I have found out one more detail: When I use gocryptfs inside a Docker Rootless container (on the host system), I can reproduce the same problem. I suppose this means that the problem has nothing to do with LXD at all, but it is rather a bug in gocryptfs or in fuse when using UID mapping.

Thanks for your help investigating this. If I find out any more details, I will document them here. I have also created bug reports for gocryptfs and encfs.

cdauth · January 23, 2022, 7:59am

I have investigated more and have found a solution.

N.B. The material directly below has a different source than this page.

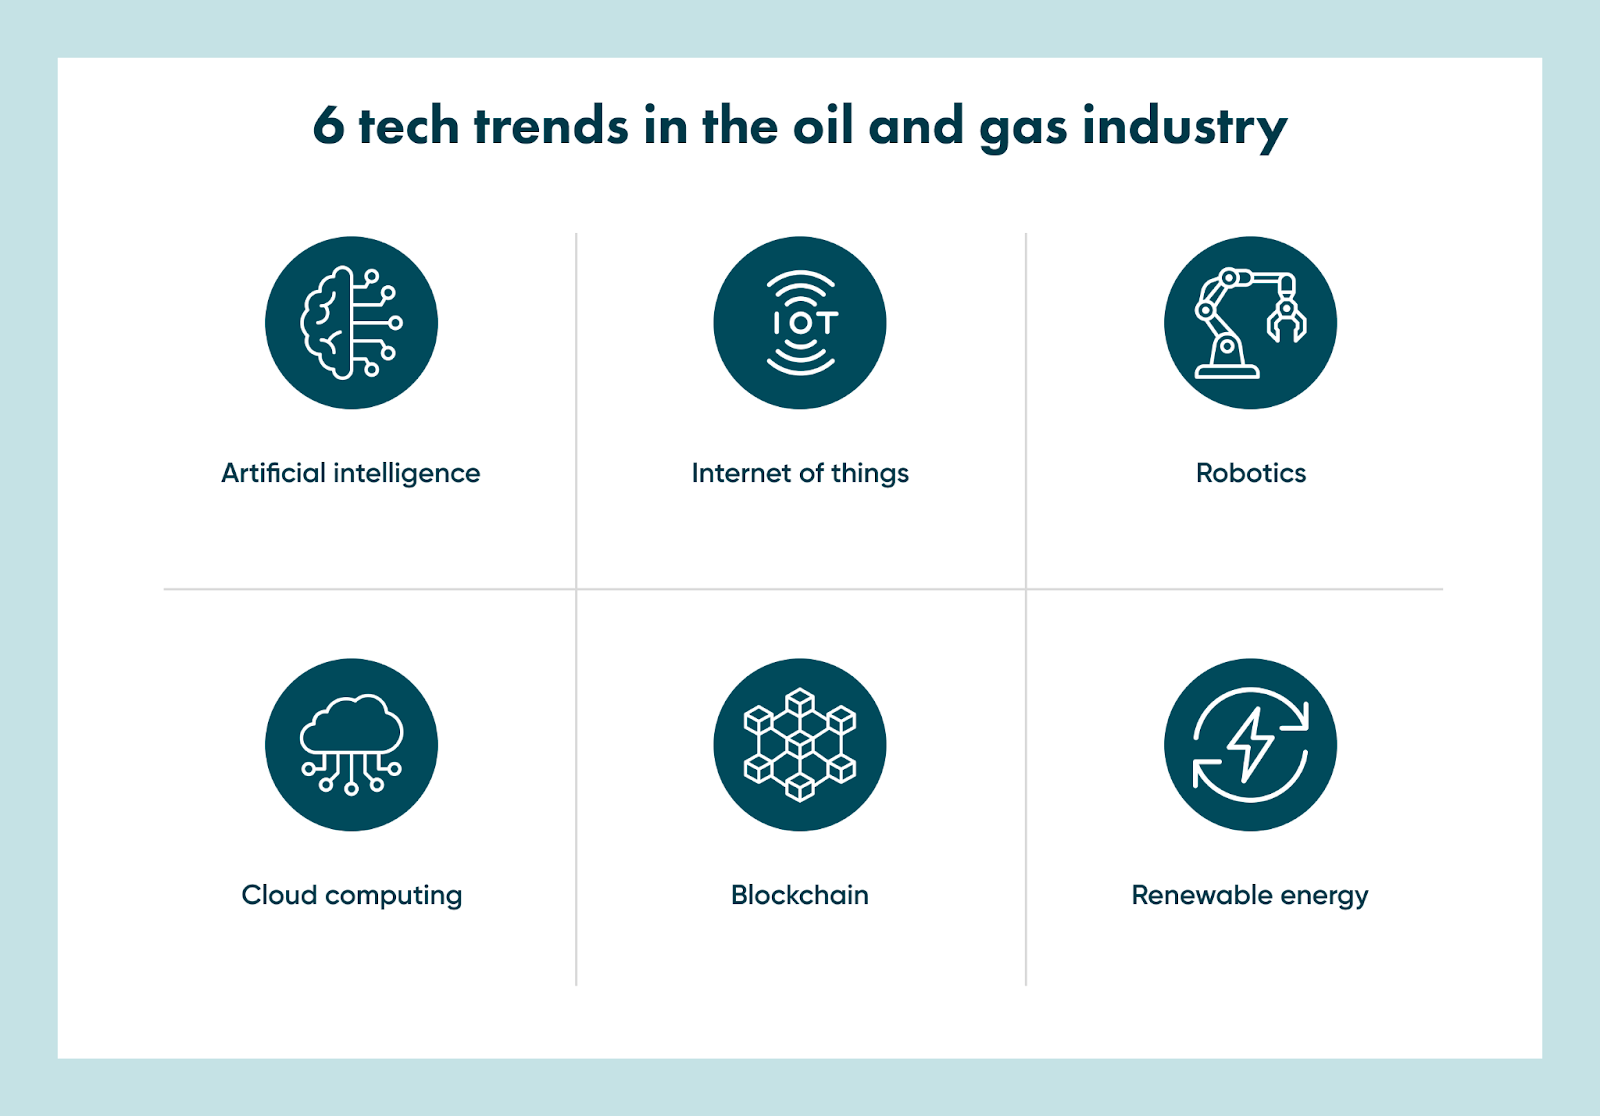 If you want to implement new oil and gas digital technology in your oil and gas business, you need to know all the trends, so learn more about them.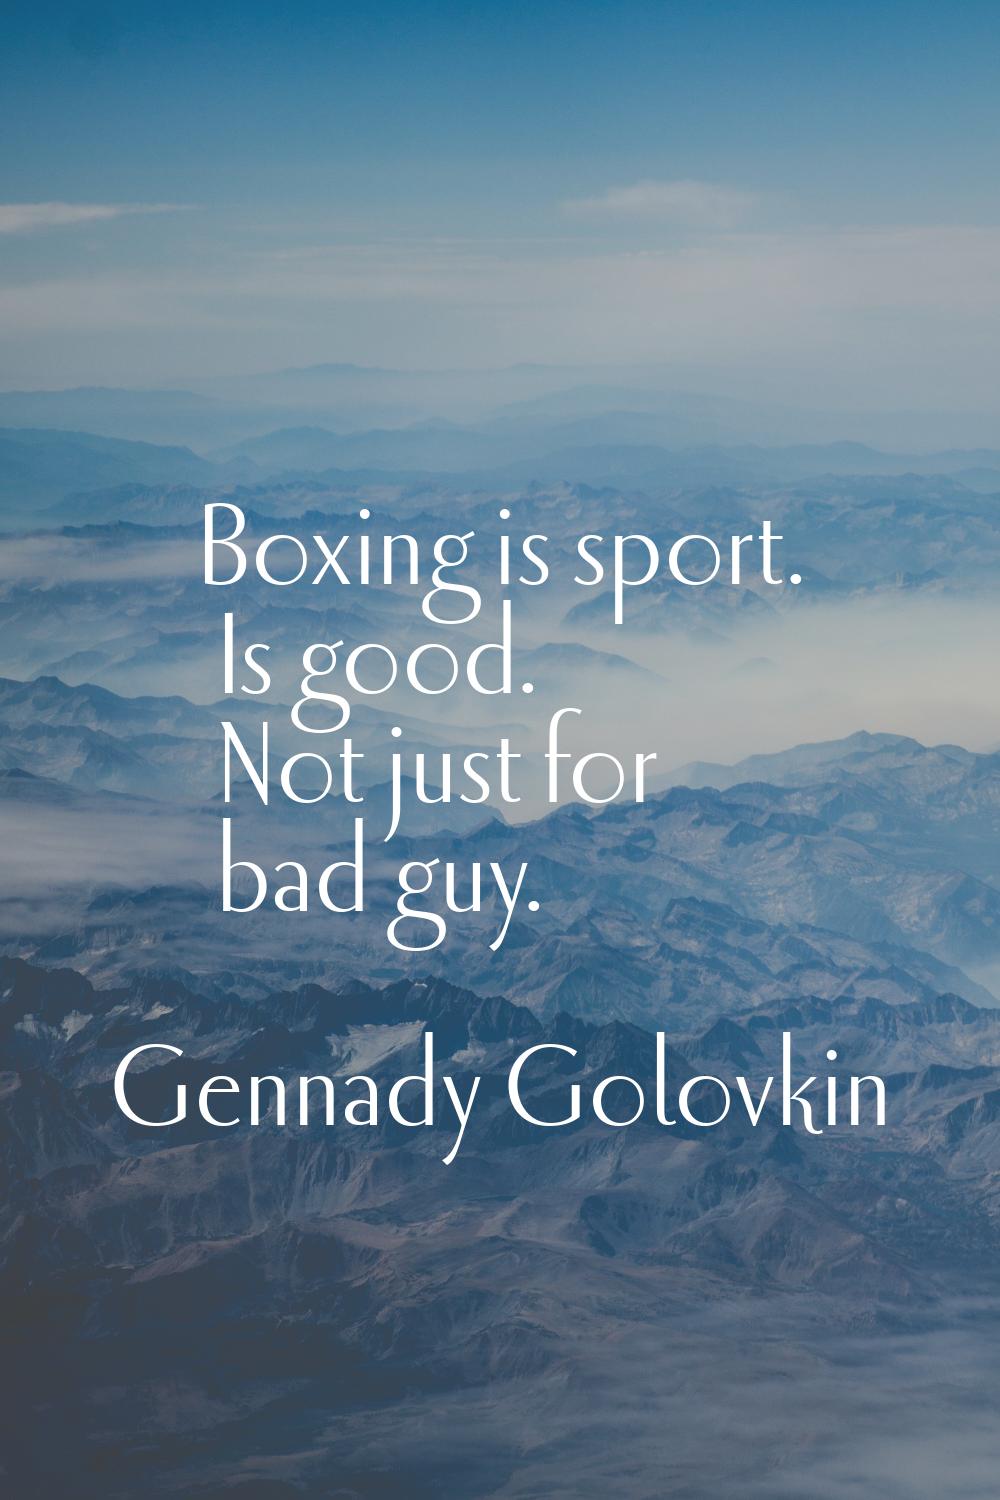 Boxing is sport. Is good. Not just for bad guy.

Here is a summary of all the findings

When encrypting the Docker storage with gocryptfs, Docker uses the fuse-overlayfs driver instead of overlay2 due to some missing features in gocryptfs. I have reported these missing features.

When accessing a file owned by a different user, fuse-overlayfs tries to read the ACL of the file. This fails because gocryptfs does not support ACLs (unless running as non-UID-mapped root, it seems) and thus gives an “Operation not supported” error. gocryptfs’s behaviour is consistent with other file systems that do not support ACLs (for example ext4 mounted with -o noacl). I have thus reported the issue to fuse-overlayfs.

The solution has been posted in the gocryptfs bug report: gocryptfs has to be called with the -acl flag. This flag has been introduced with gocryptfs 2.0 and had been missing from the documentation so far. gocryptfs has had some basic ACL support since version 1.8.0, however it only supported getting/setting ACLs but was not actually respecting them. The -acl flag changes that and enables proper ACL handling. The challenge is that most distributions ship a version of gocryptfs older than 2.0.

stgraber · January 23, 2022, 5:24pm

Ah, nice to hear that you sorted it out and that newer gocryptfs will handle it fine!